Work instructions: Output, exactly and with no pictures, the line that contains "2020 monthly average" and every line that comes after it in the data below, the last one included.
---- Given information
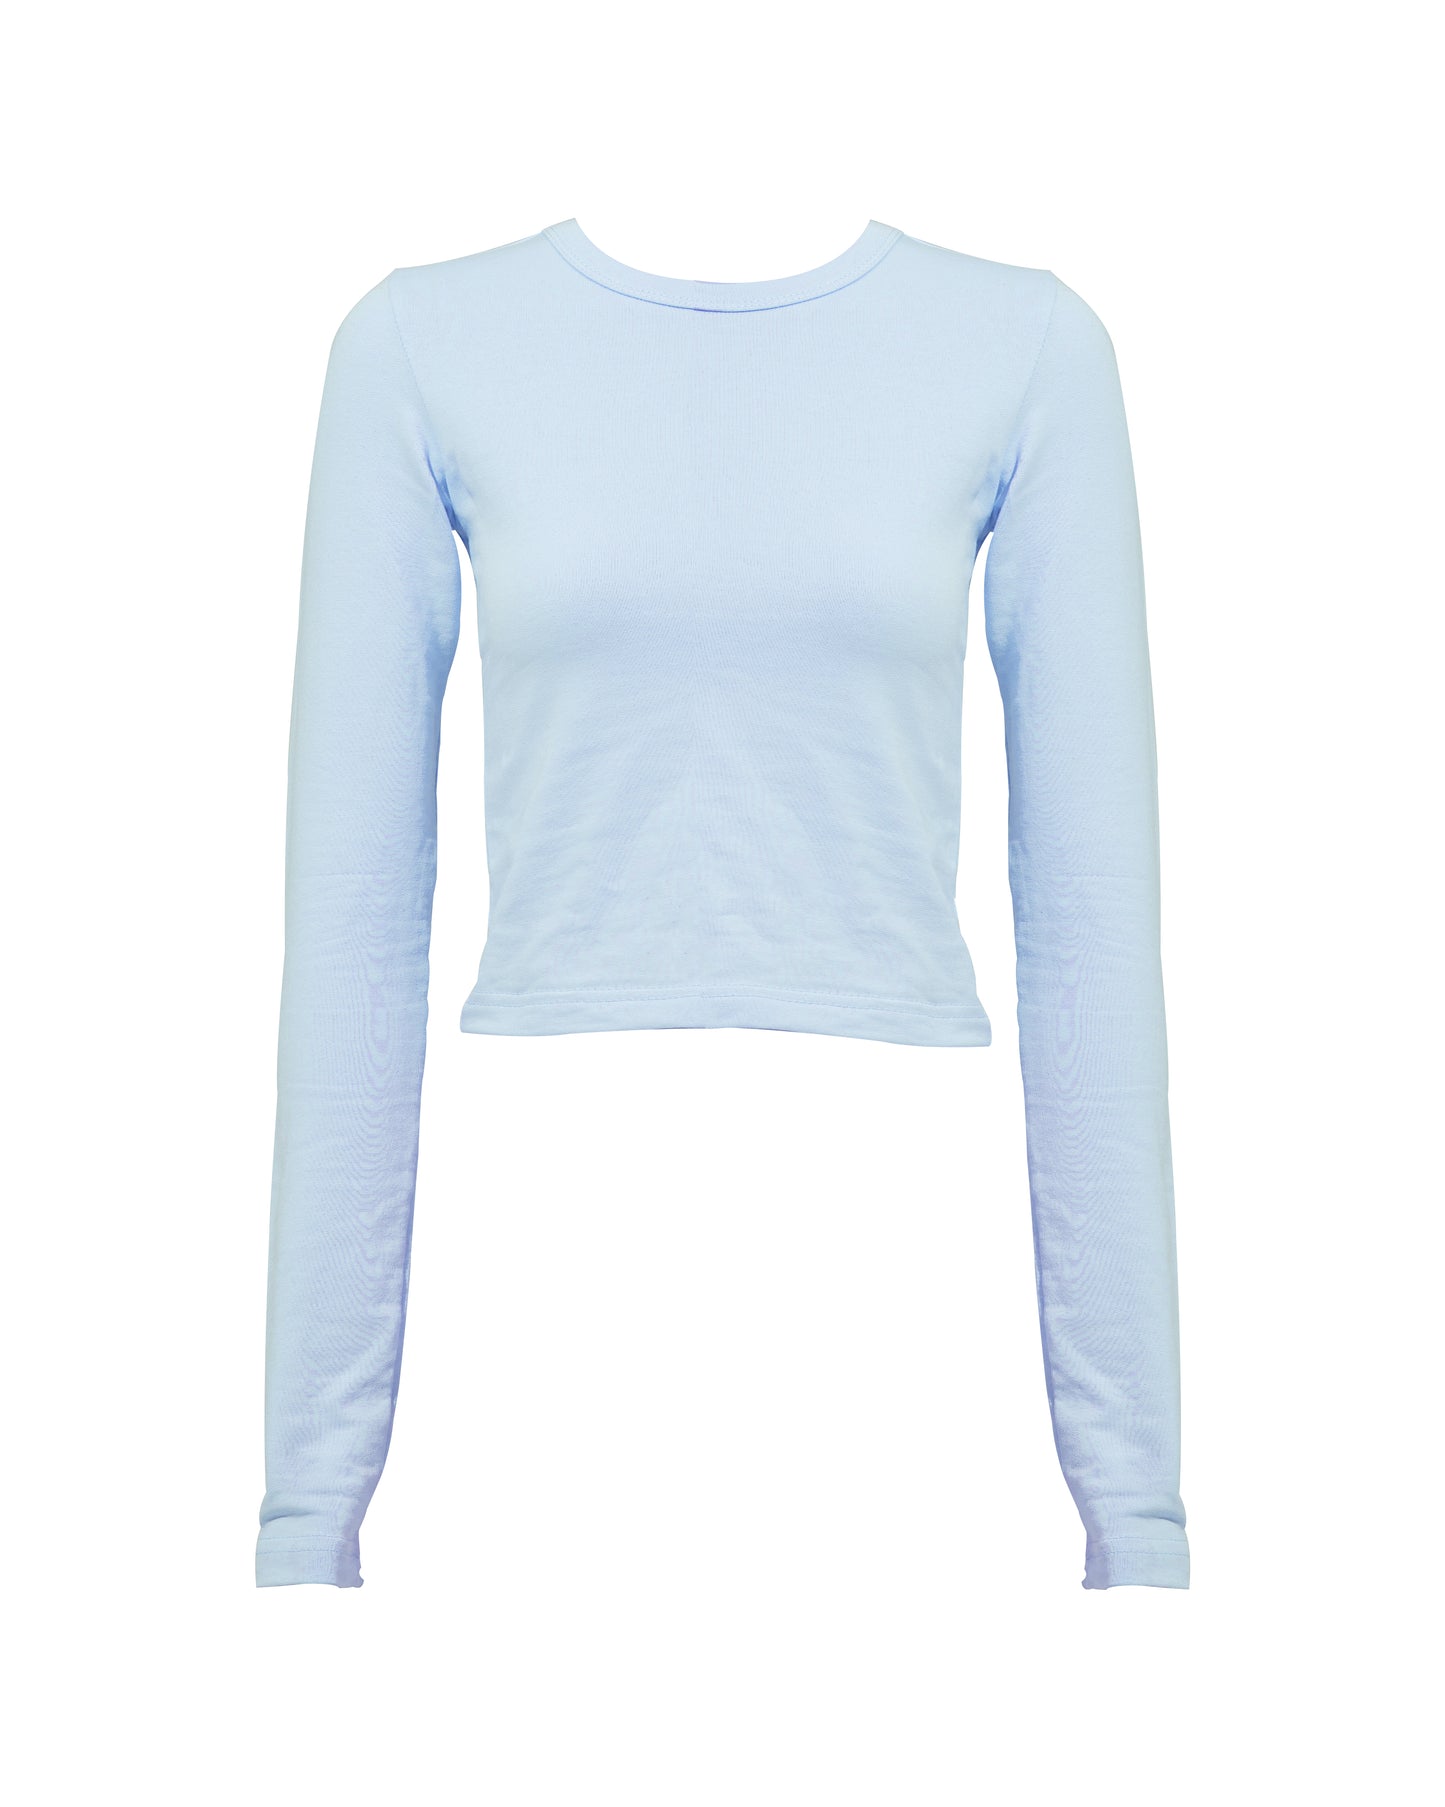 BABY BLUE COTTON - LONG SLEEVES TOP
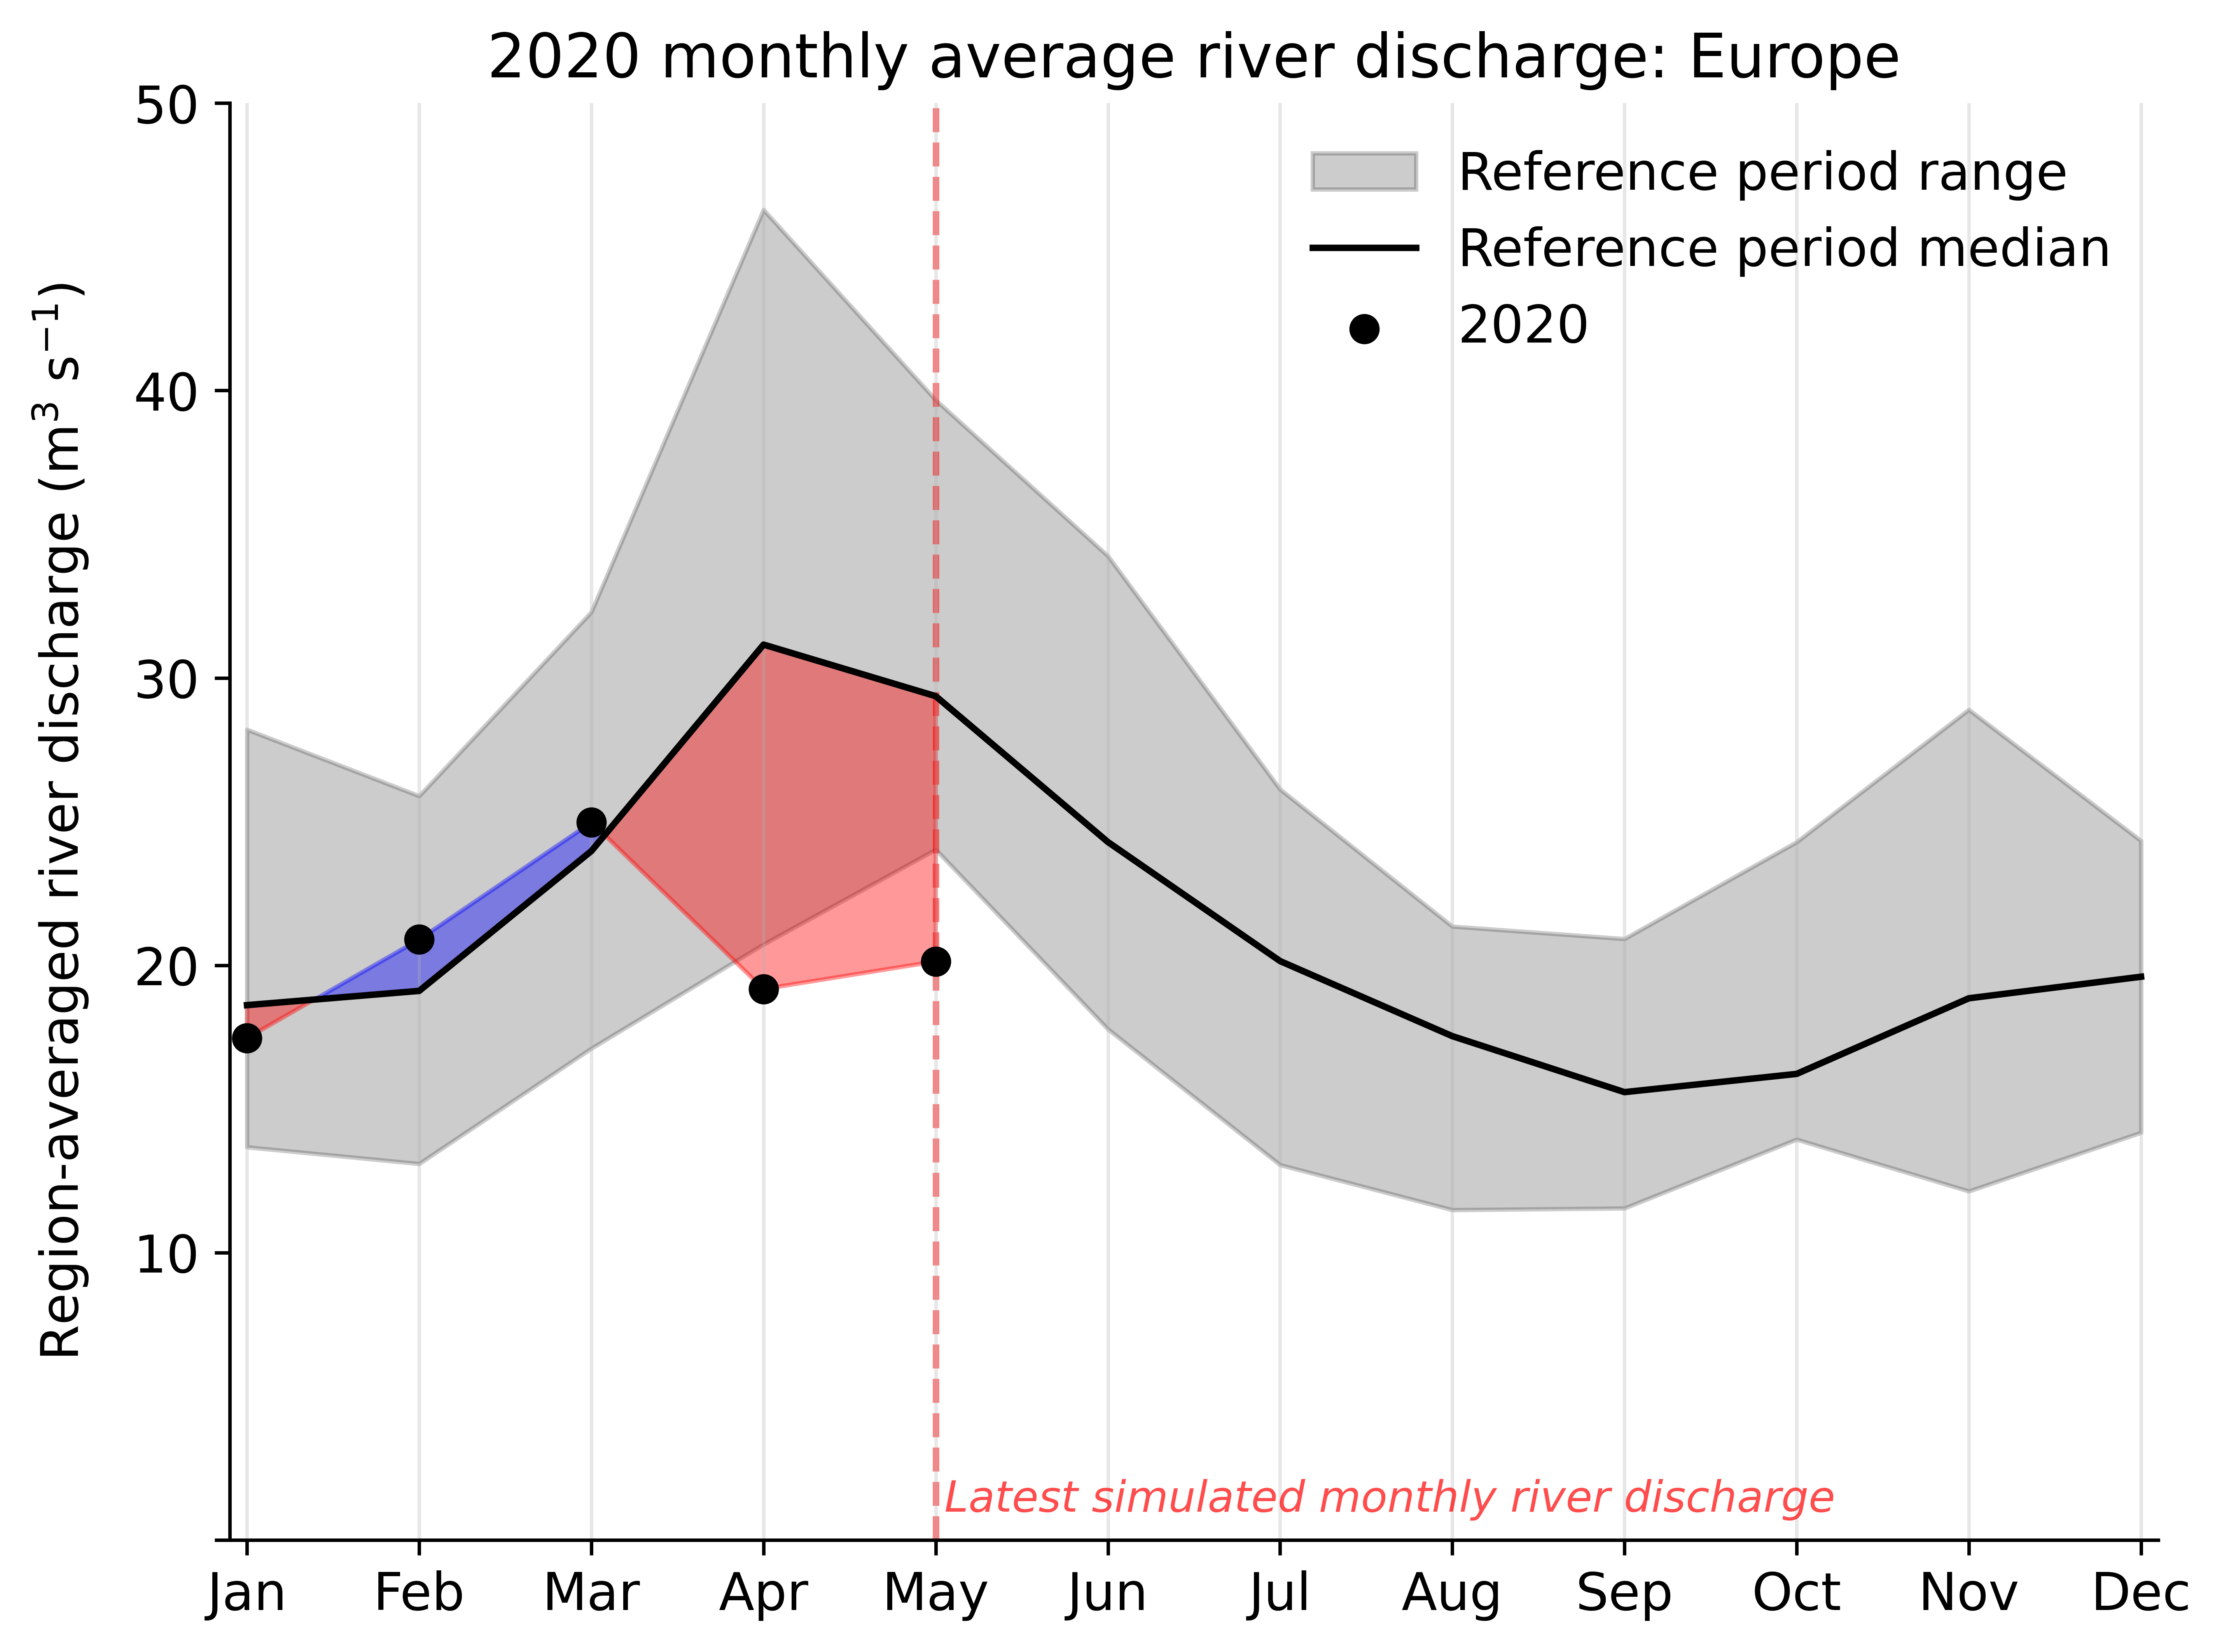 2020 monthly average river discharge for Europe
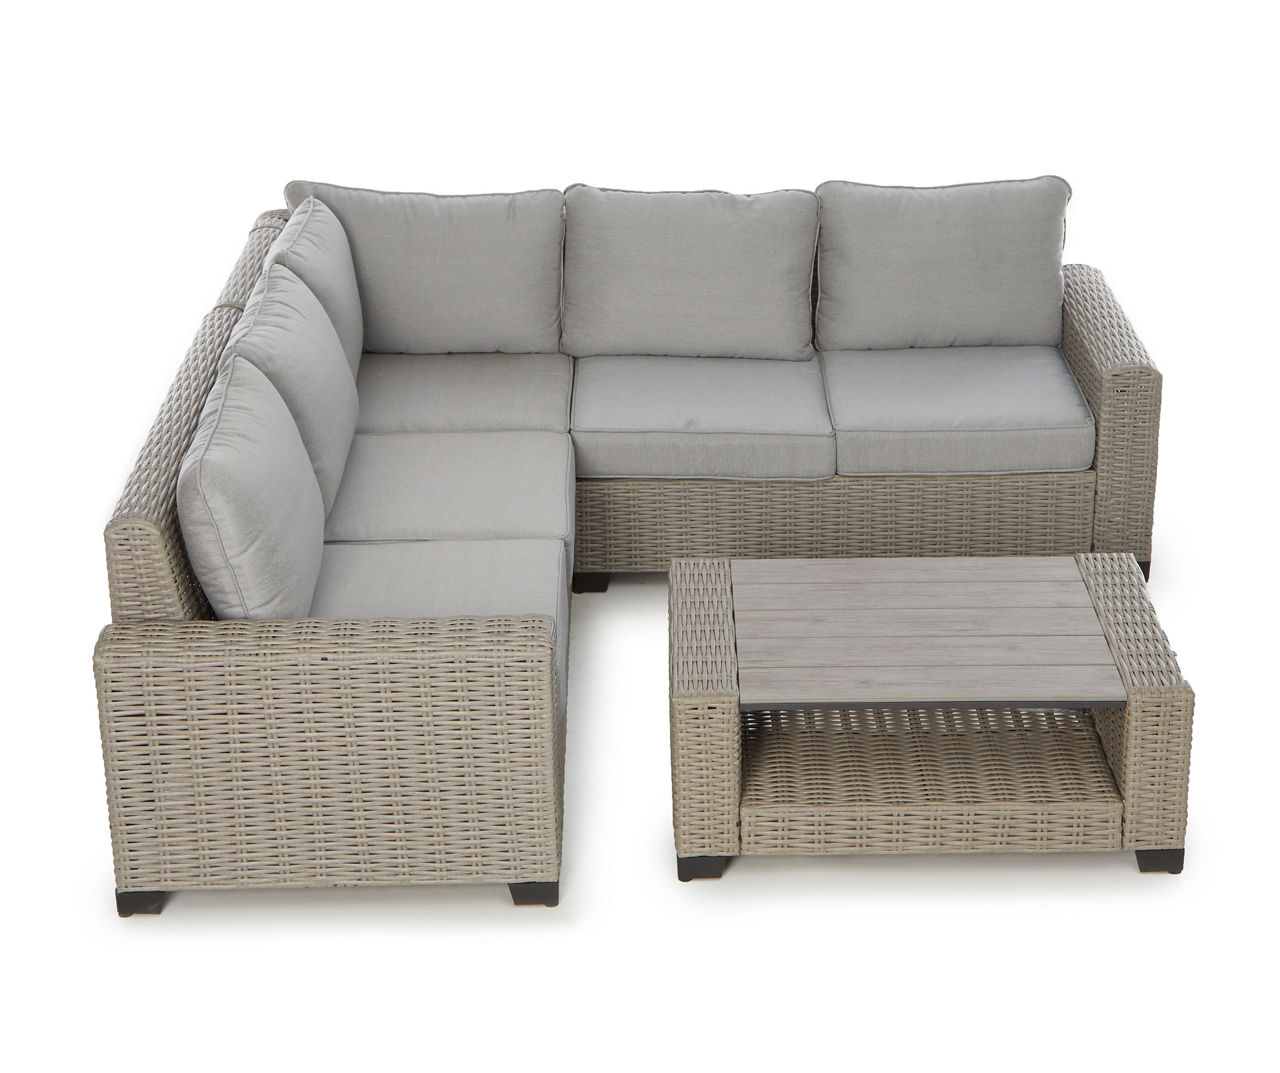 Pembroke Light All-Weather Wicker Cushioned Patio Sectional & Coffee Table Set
--------
Expected answer:
 2020 monthly average river discharge for Europe
 Pembroke Light All-Weather Wicker Cushioned Patio Sectional & Coffee Table Set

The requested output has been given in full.